In a glove box, a Schlenk flask equipped with a magnetic bar is loaded with the imidazolium salt IPr EtaC1 (2.96 g, 7 mmol), Pd(acac), (1.53 g, 5 mmol) and dry dioxane (100 mL). The flask was taken outside the glove box and placed in an oil bath at 100 C over a magnetic stirrer for 6 hours. After that time, the solution looked clear with no solid remaining. The solvent was evaporated in vacuo and diethyl ether was added until no more solid was dissolved. The solution is filtered and the solid washed with diethyl ether (2 x 10 mL). The solvent was evaporated in vacuo to yield 2.99 g (95 %) of the desired compound as a yellow powder.1H NMR (delta, 400 MHz, CDCl3): 7.51 (t, / = 7.8 Hz, 2H), 7.35 (d, / = 7.8 Hz, 4H), 7.12 (s, 2H), 5.12 (s, IH), 2.95 (q, / = 6.4 Hz, 4H), 1.84 (s, 3H), 1.82 (s, 3H), 1.34 (d, / = 6.4 Hz, 12H), 1.10 (d, / = 6.4 Hz, 12H).

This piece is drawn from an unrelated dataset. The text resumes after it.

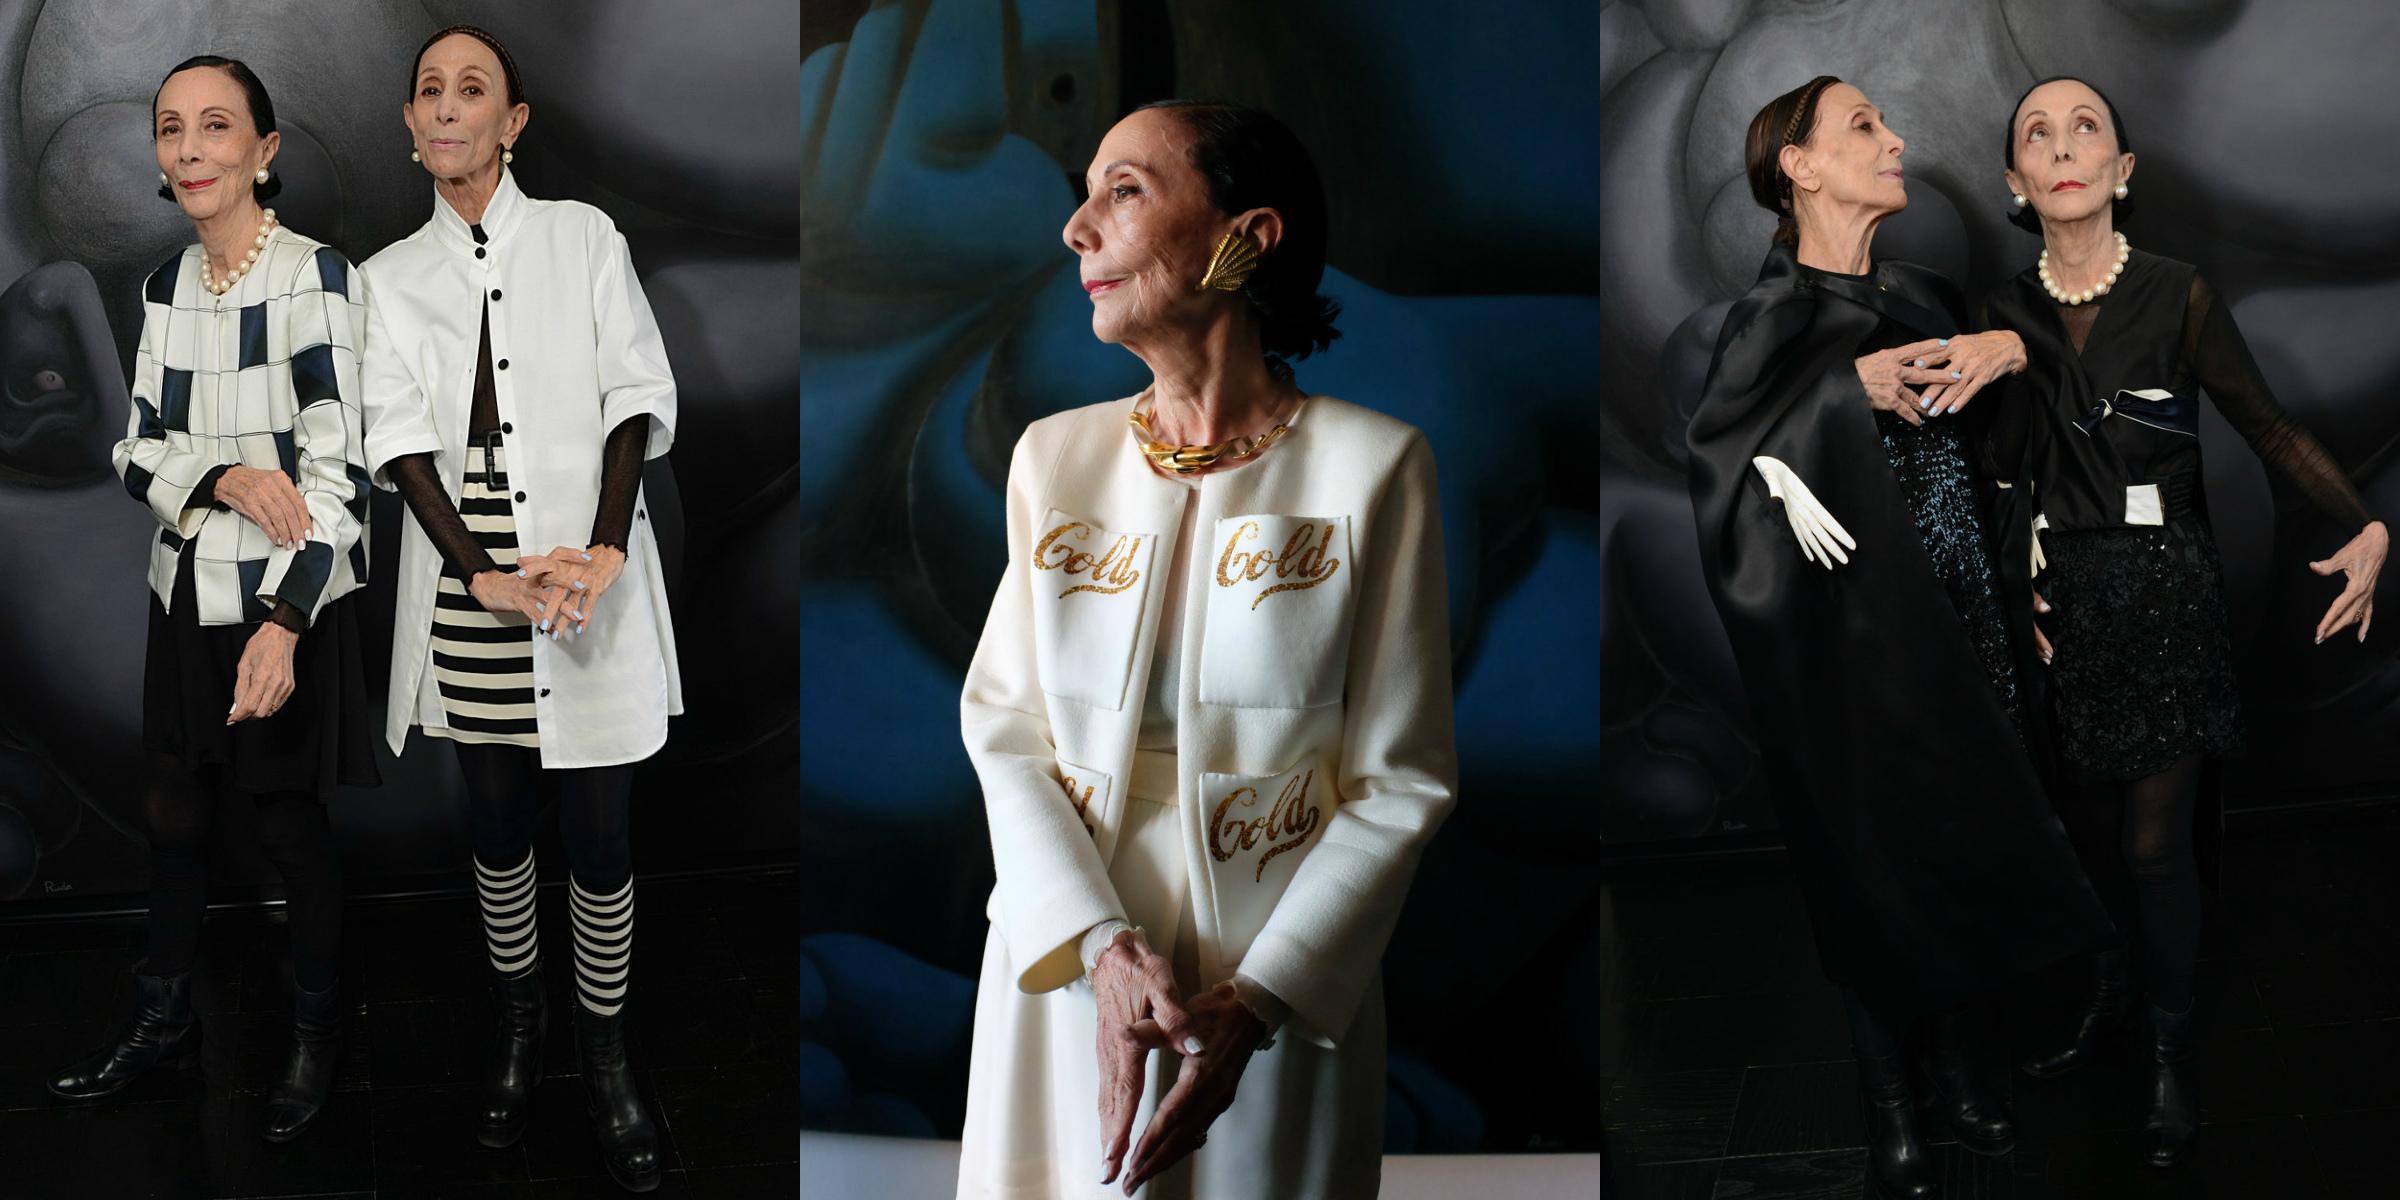 Ü60 Bloggerin Ursel vom Iknmlo Fashionblog über Fanny Karsts junge Mode für alte Damen
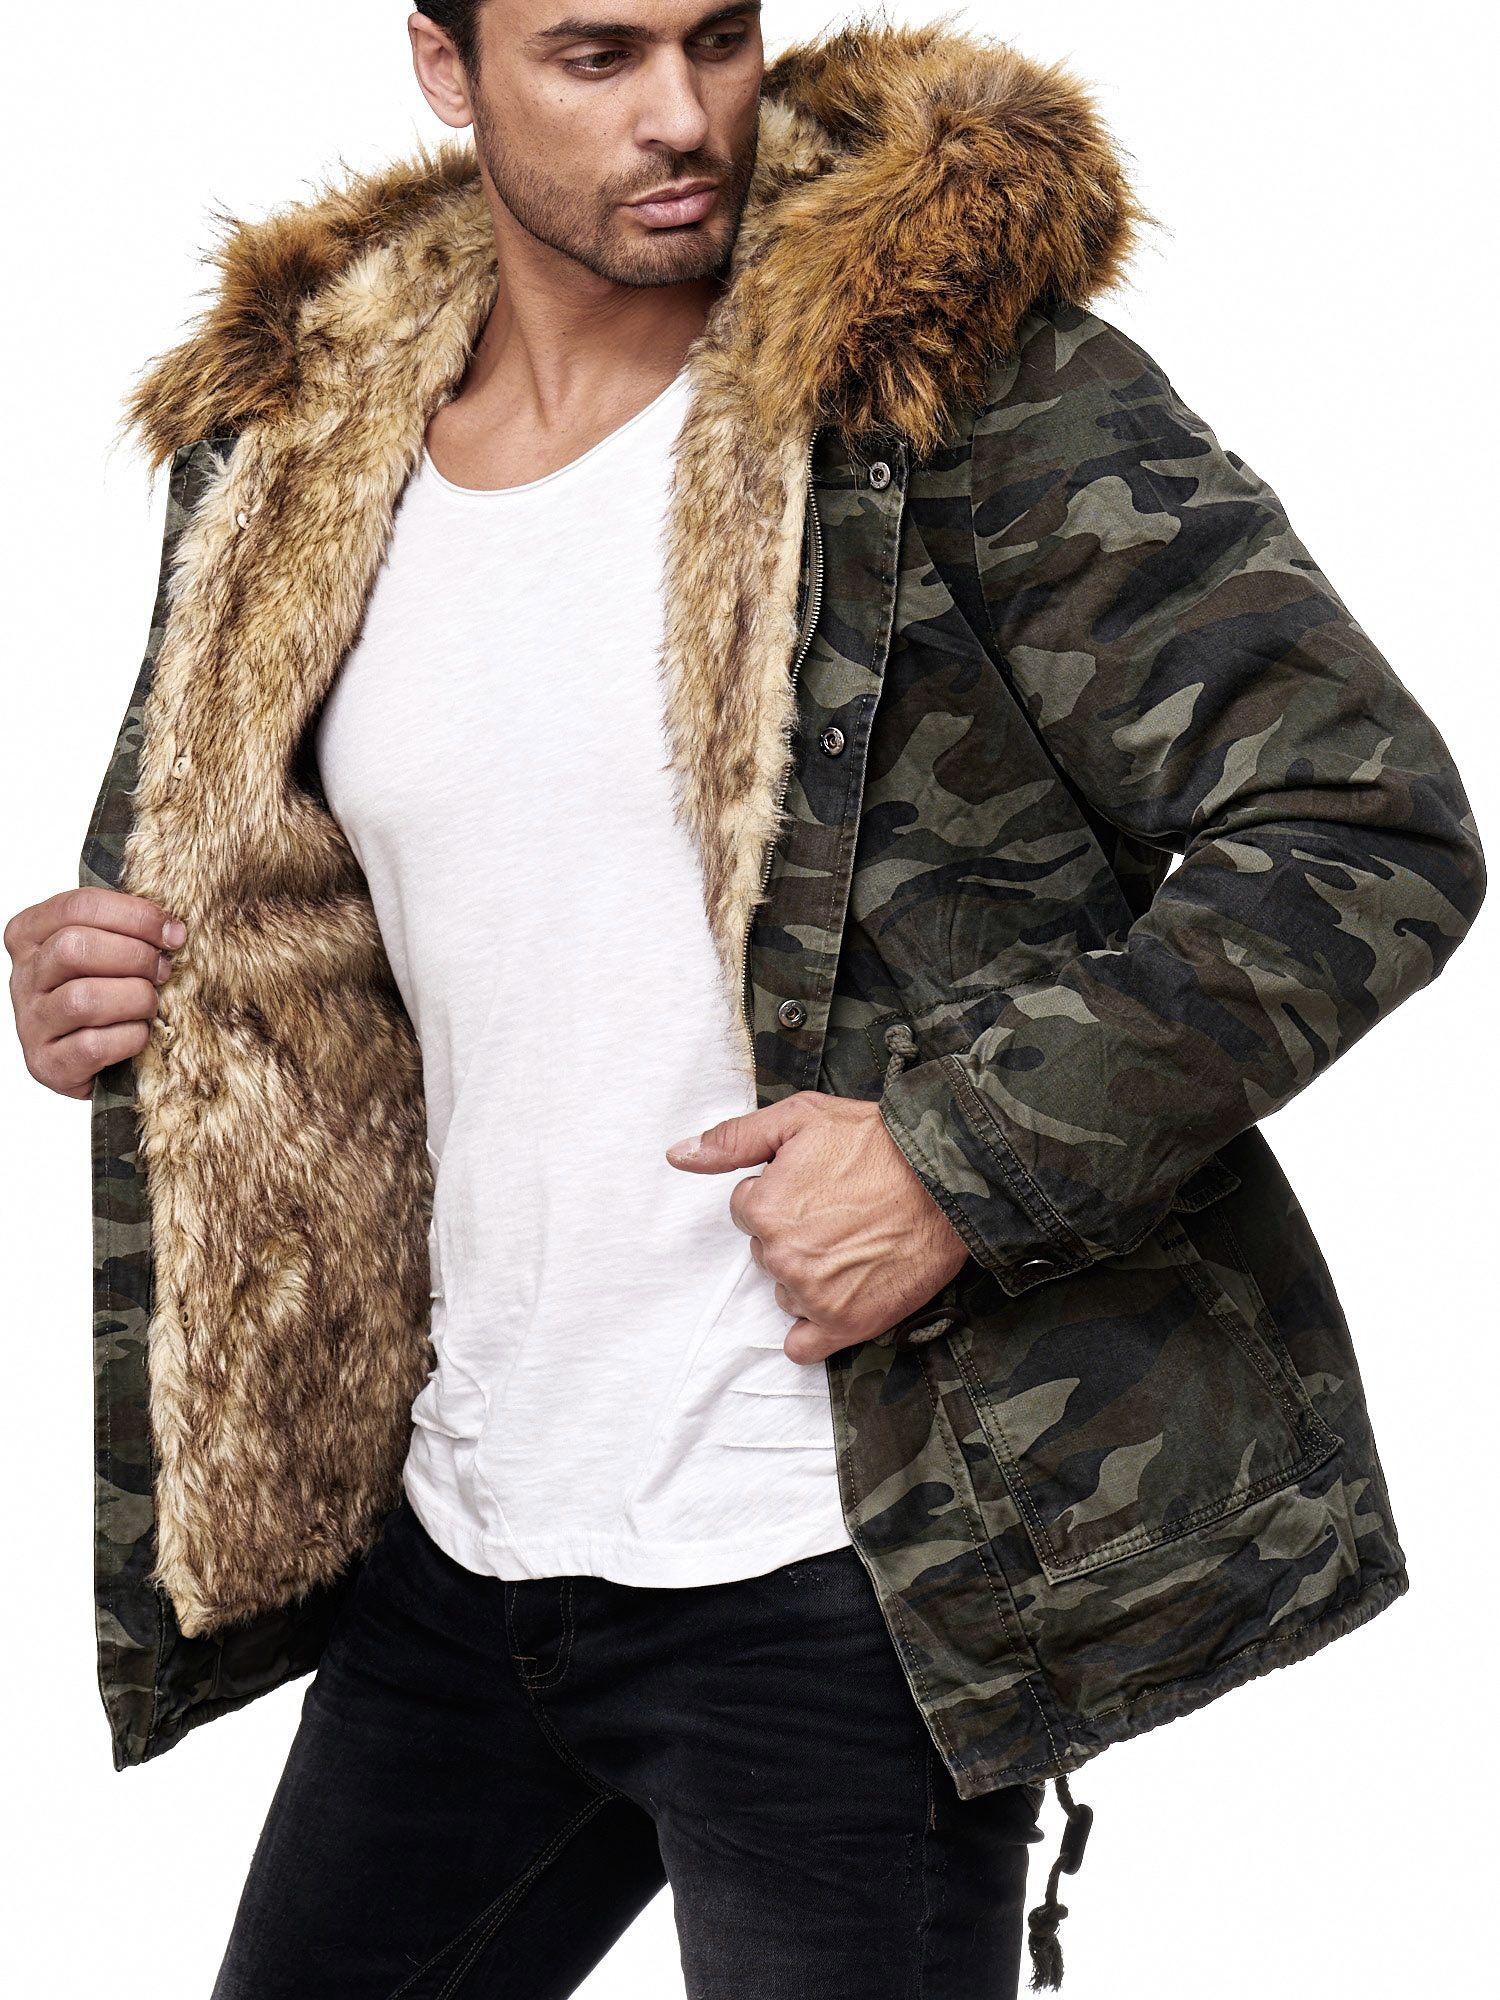 Redbridge Herren Winterjacke Jacke Parka Mantel Mens Jacket Fell Fur Camouflage Parka Mit Pelz Fell Parka Felljacke Herren

EPO 13C NMR (delta, 100 MHz, CDCl3): 187.1, 184.1, 156.4, 147.0, 135.5, 134.8, 130.9, 125.7, 124.7, 124.6, 99.9, 29.1, 30.0, 27.6, 26.8, 23.7, 23.5.Anal. Calcd. for C32H43ClN2O2Pd (MW 629.57): C, 61.05; H, 6.88; N, 4.45. Found: C, 60.78; H, 7.15; N: 4.29.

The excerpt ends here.